President Biden vowed during his president campaign to stop taking private land to continue to build the U.S.-Mexico border wall, a signature initiative for former President Trump. However, the U.S. government, as a result of federal court ruling this week, was allowed to seize roughly six acres of land from a family in south Texas, by the Rio Grande River.
The Biden administration never withdrew from the case nor asked that it be dismissed, according to documents and interviews. Administration officials said they didn’t do so because they are still reviewing federal resources used to build the wall, according to Politico. The review, under a 60-day pause Biden ordered his first day in office, was supposed to be completed by March 20.
"End. Stop. Done. Over. Not going to do it," Biden said in August. "Withdraw the lawsuits. We're out. We're not going to confiscate the land."
Reynaldo Anzaldua Cavazos, a member of the family whose land was recently seized, told The Washington Post: "We took him at his word.
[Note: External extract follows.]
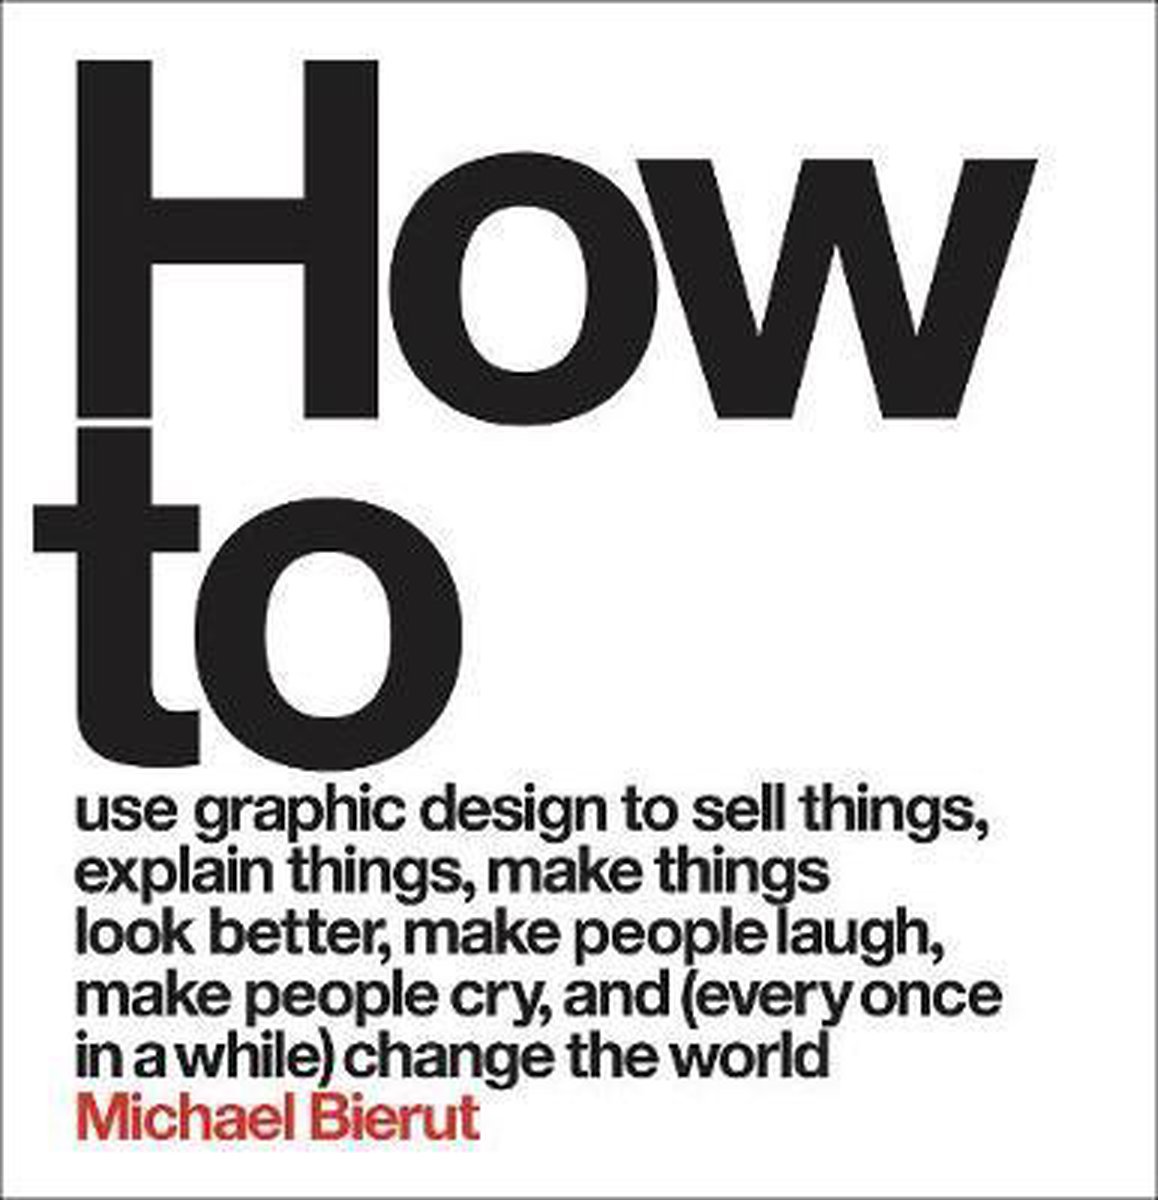 How to use graphic design to sell things, explain things, make things look better, make people laugh, make people cry, and every once in a while change the world - Michael Bierut

He is not keeping that word."
The family says the property has been in its possession since1760s, acquired by ancestors through a Spanish land grant.
U.S. District Judge Micaela Alvarez ruled Tuesday the federal government could take the land and is "entitled to immediate possession of the subject property," citing an "urgency of possession."
The Justice Department last month said Biden's wording about the three-month pause "left open the possibility that some aspects of the project may resume."